* **Data segment**
• • •
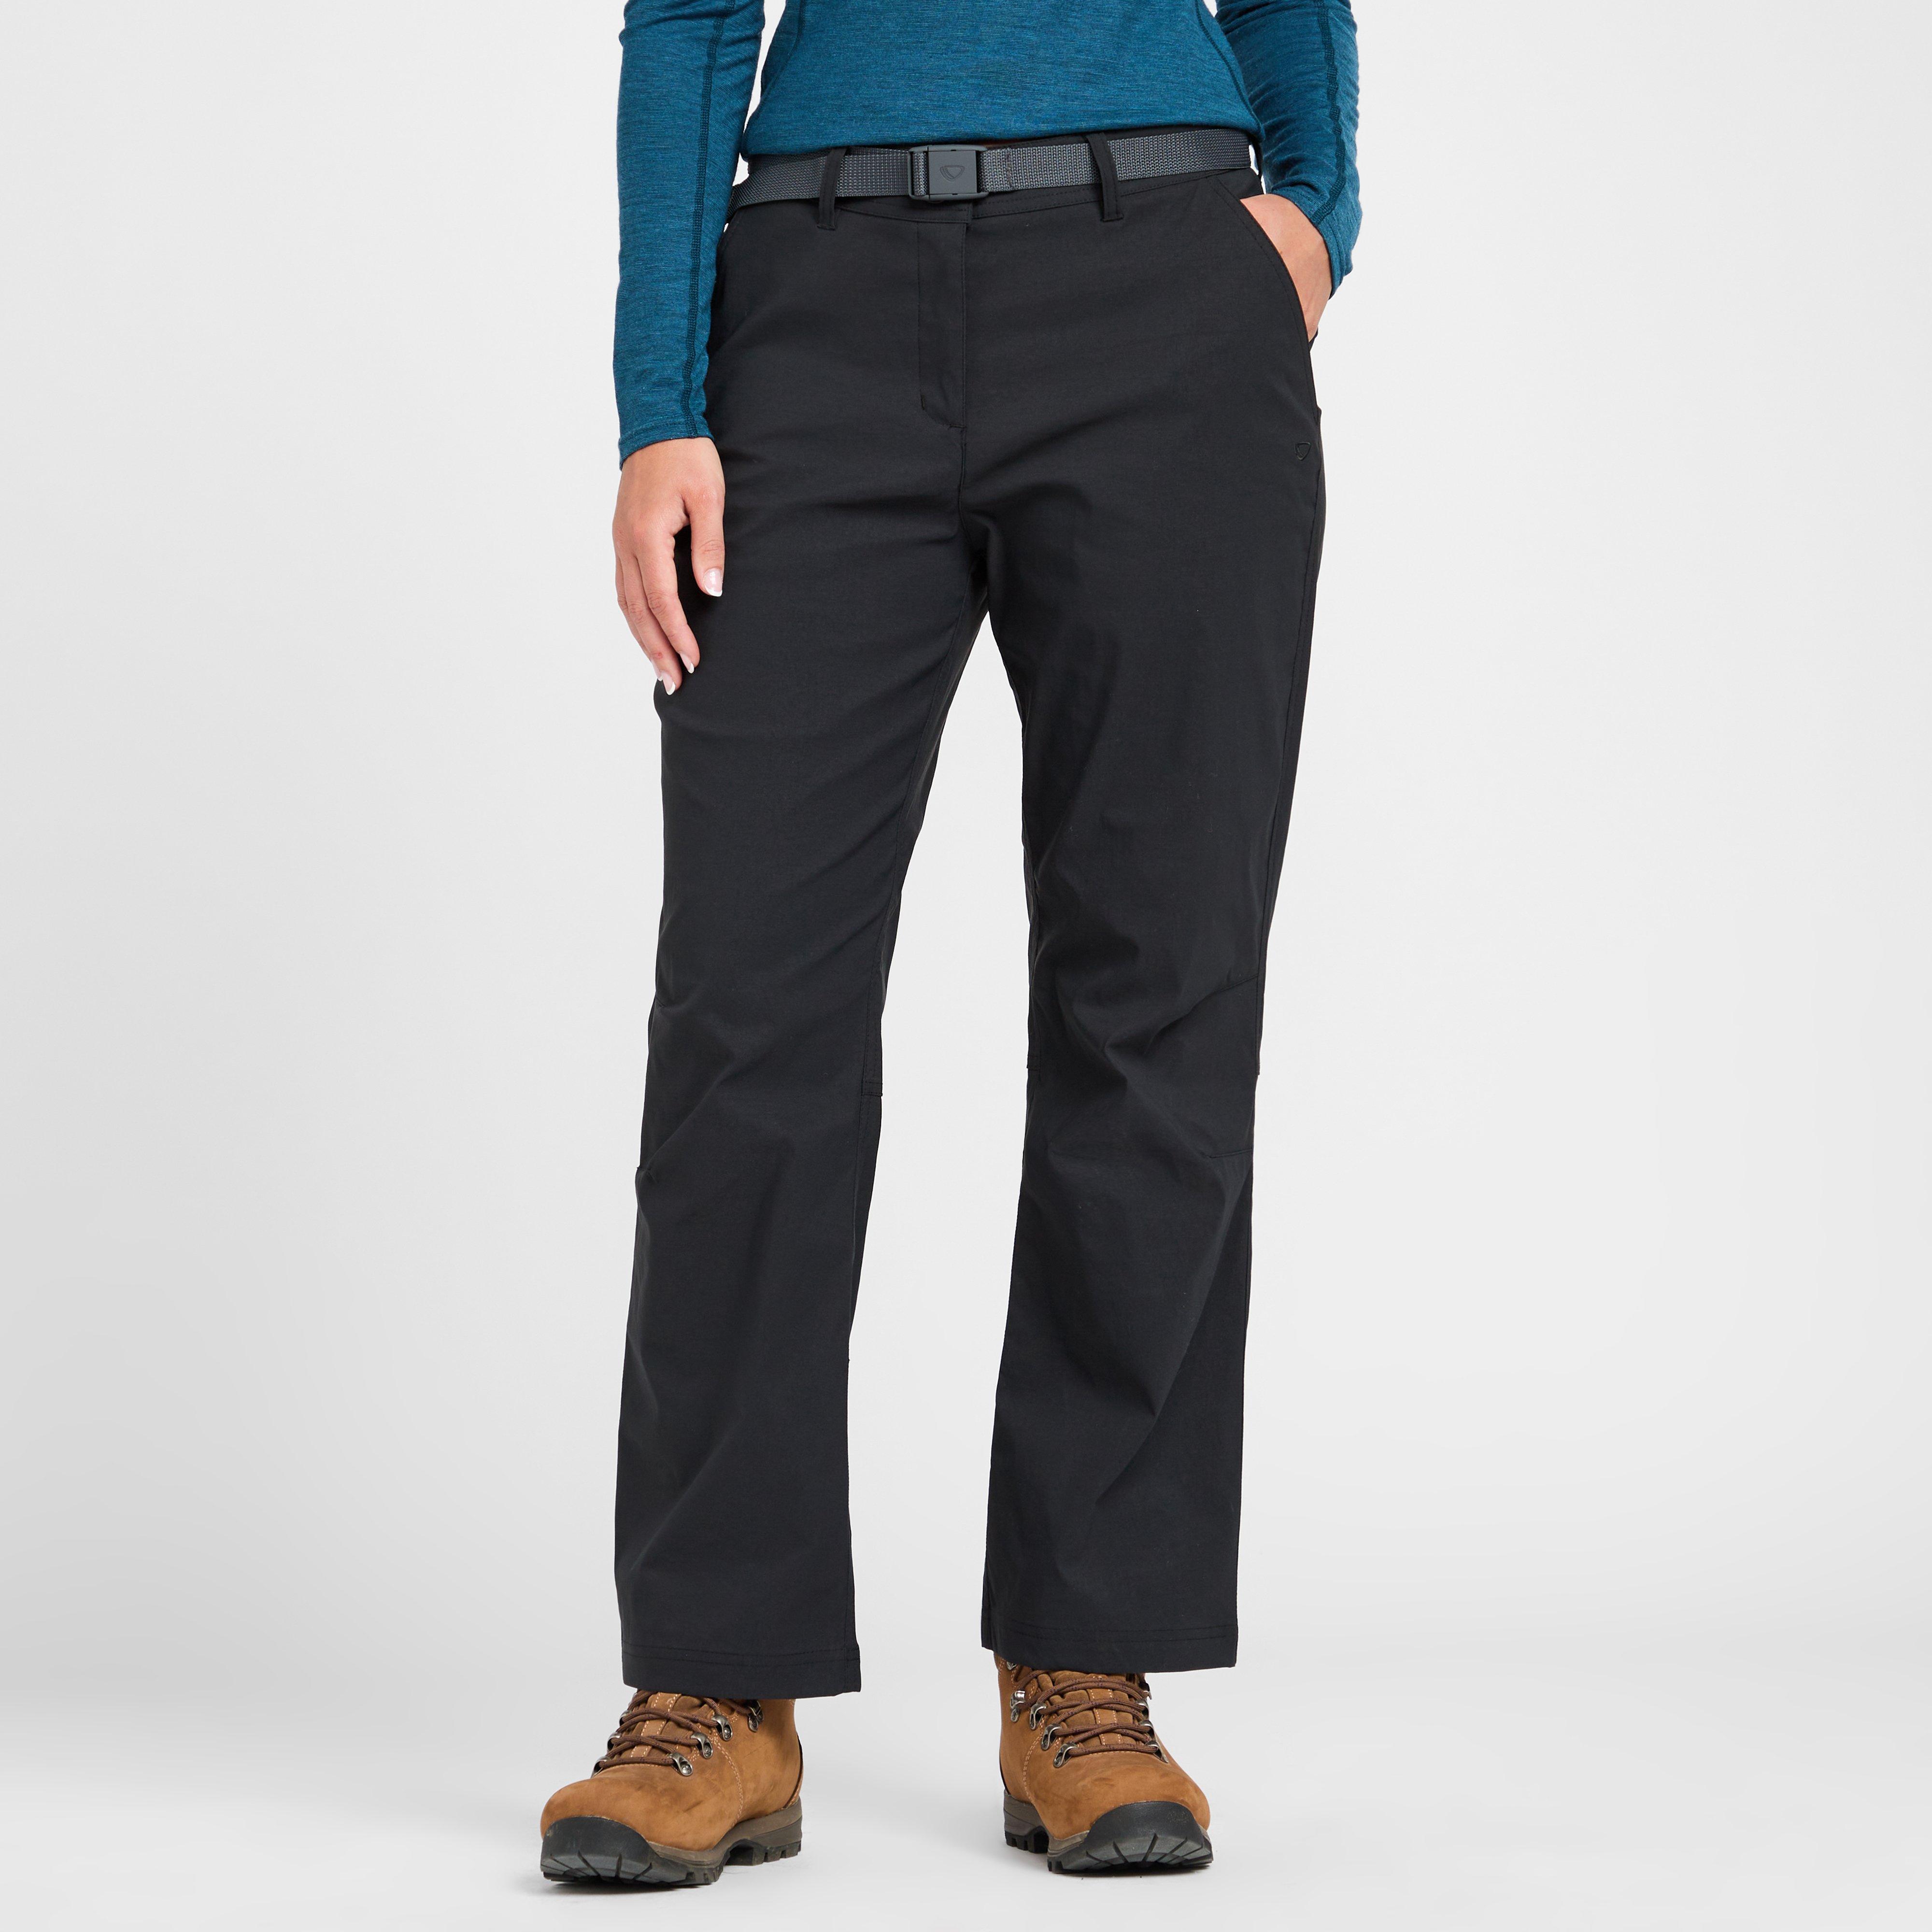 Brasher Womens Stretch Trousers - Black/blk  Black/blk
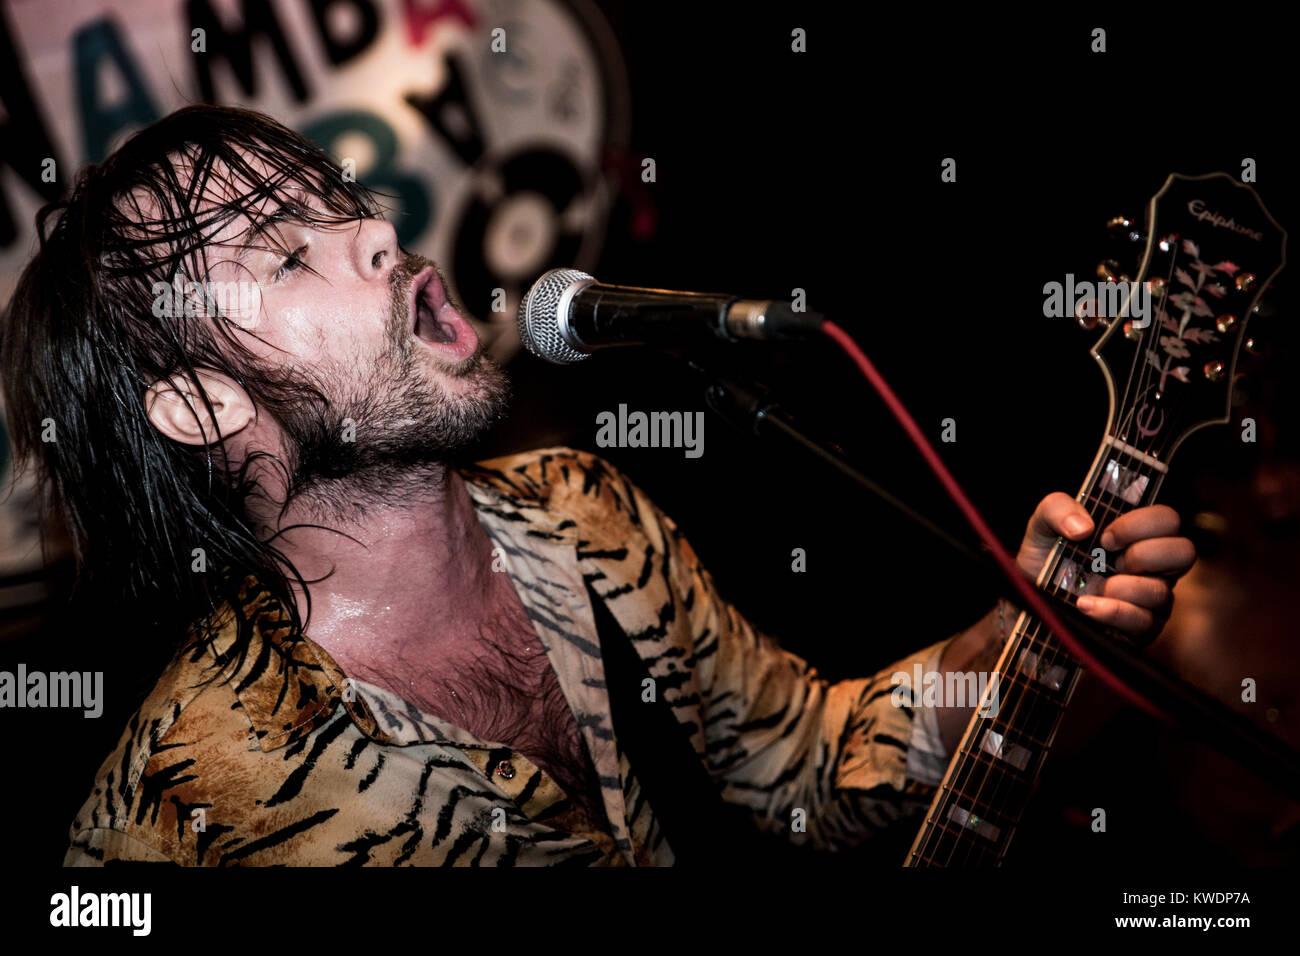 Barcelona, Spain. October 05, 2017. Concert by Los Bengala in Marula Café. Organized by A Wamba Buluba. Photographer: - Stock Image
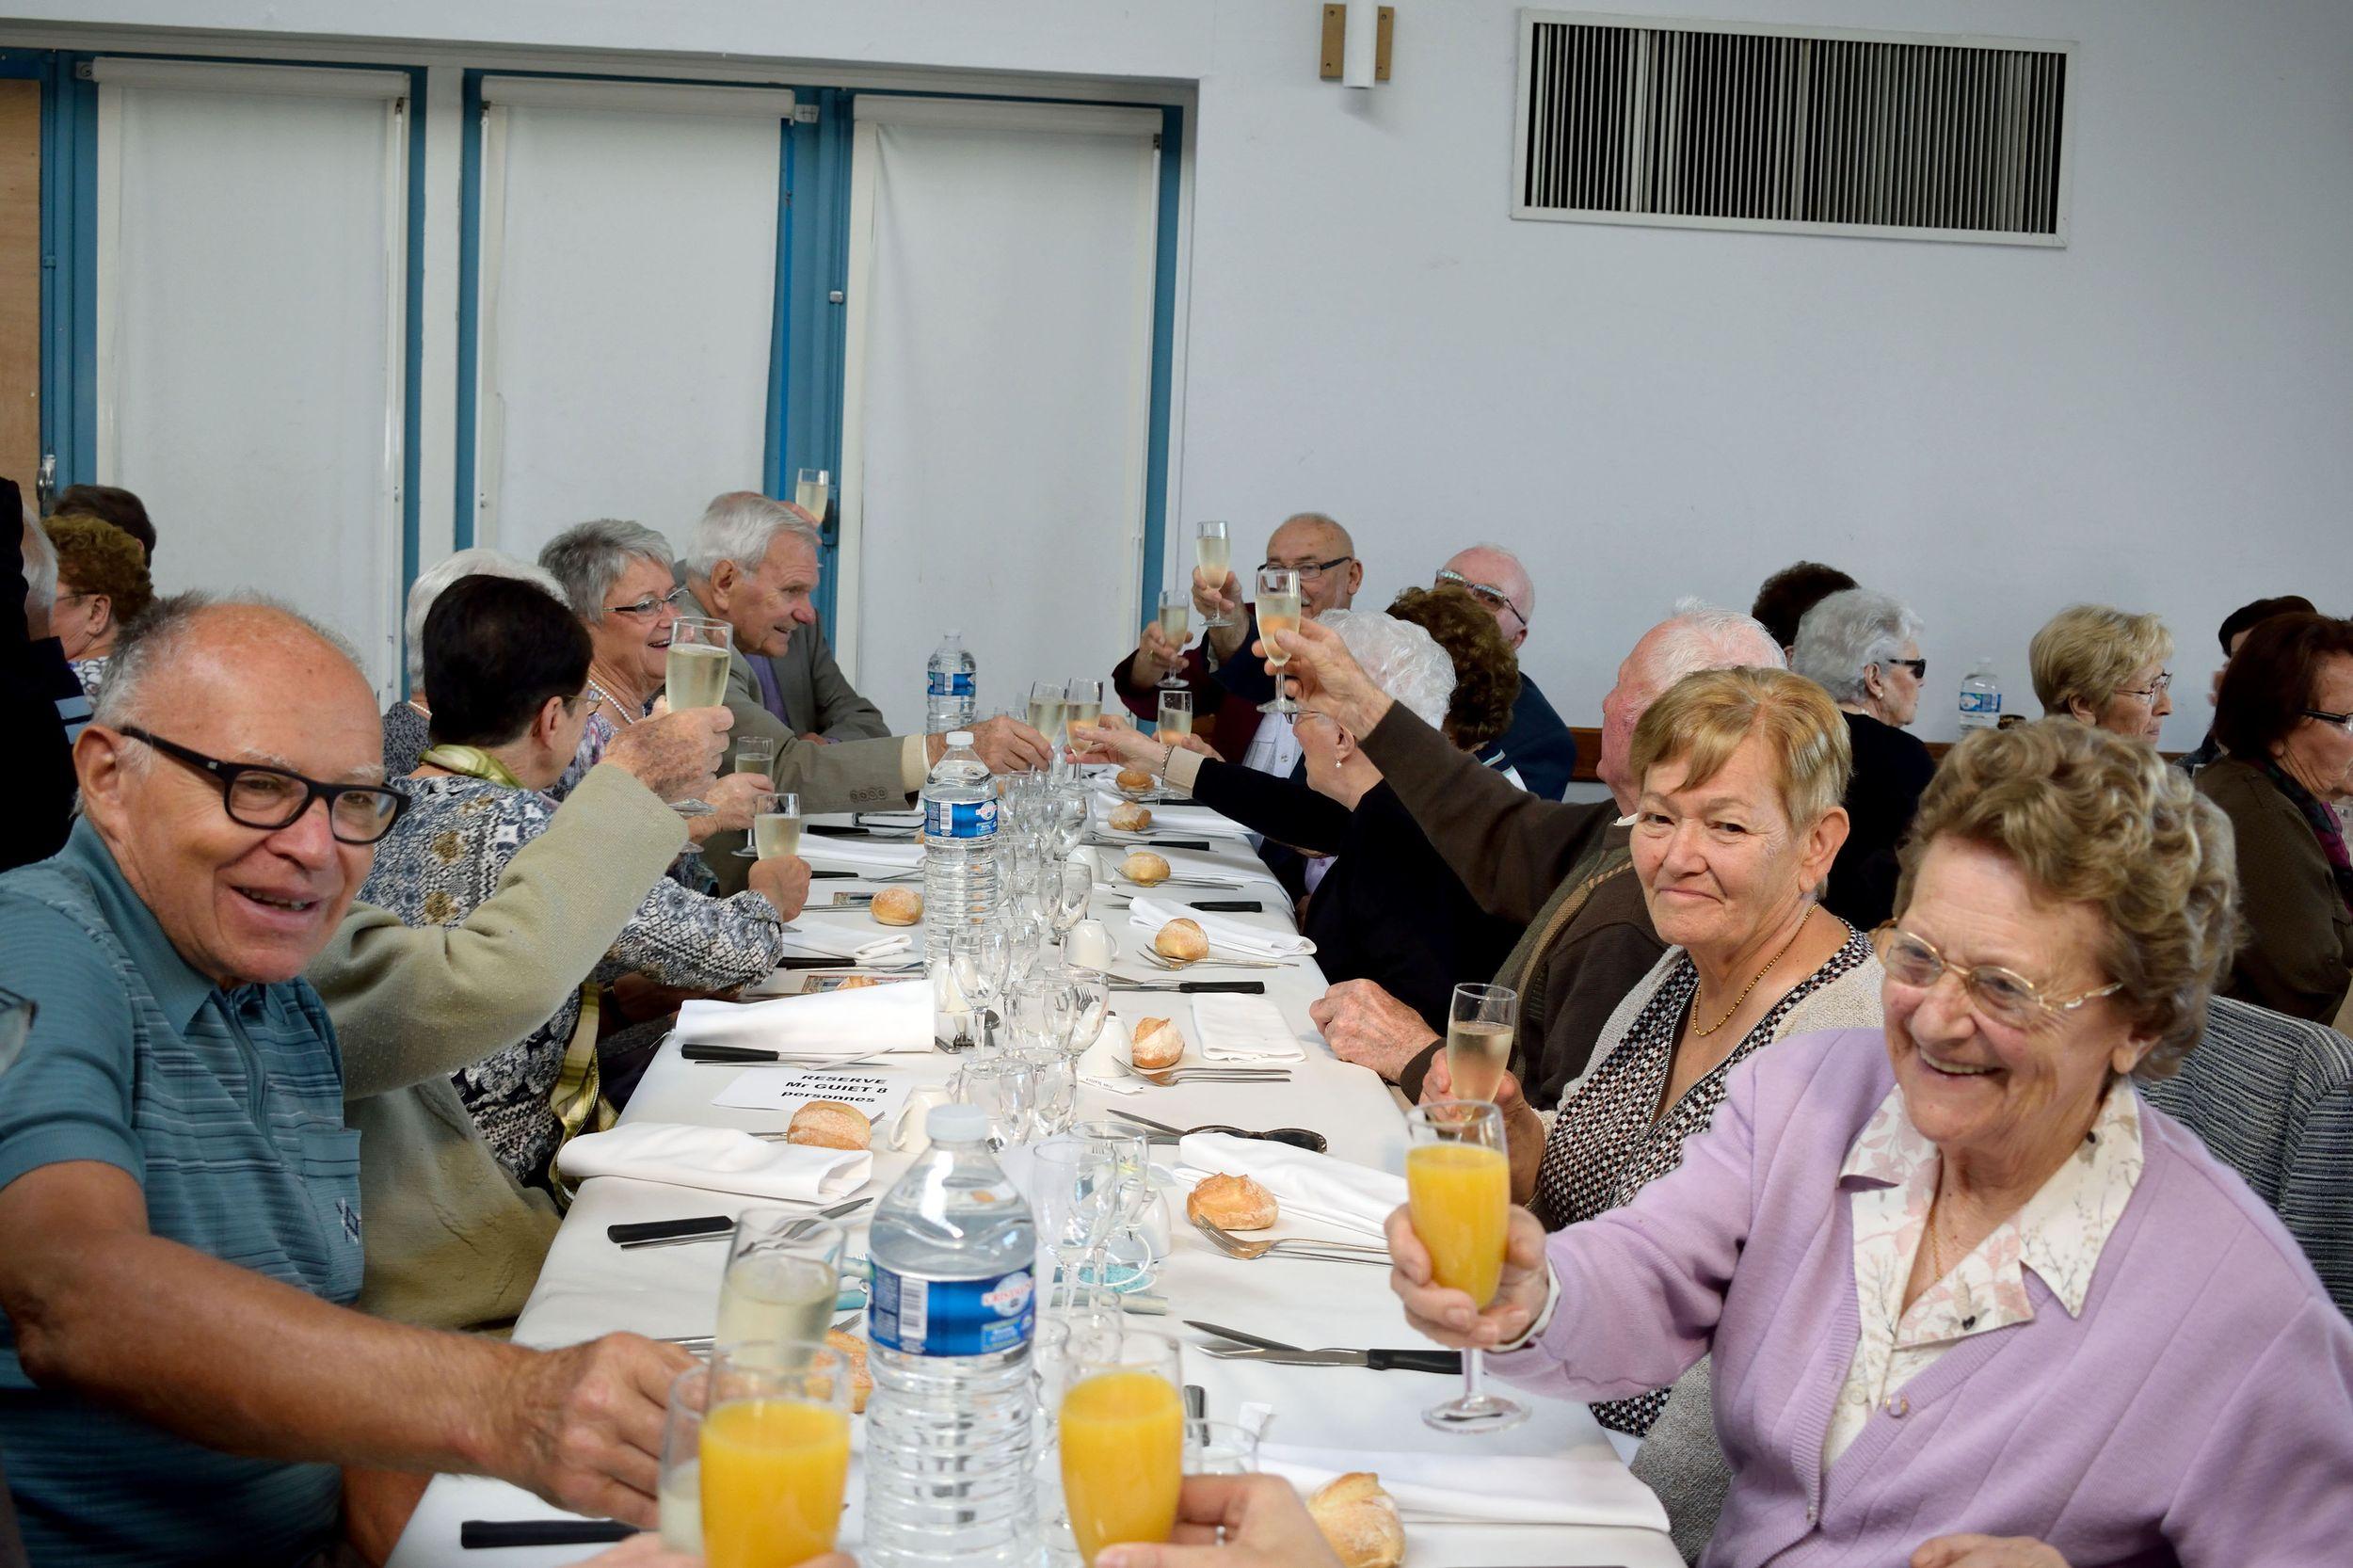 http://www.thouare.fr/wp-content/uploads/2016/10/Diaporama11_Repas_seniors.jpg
• • •
* **Required action**
Copy out every line of the data exactly, leaving the images behind.

* **Answer to the exercise**
 Brasher Womens Stretch Trousers - Black/blk  Black/blk
 Barcelona, Spain. October 05, 2017. Concert by Los Bengala in Marula Café. Organized by A Wamba Buluba. Photographer: - Stock Image
 http://www.thouare.fr/wp-content/uploads/2016/10/Diaporama11_Repas_seniors.jpg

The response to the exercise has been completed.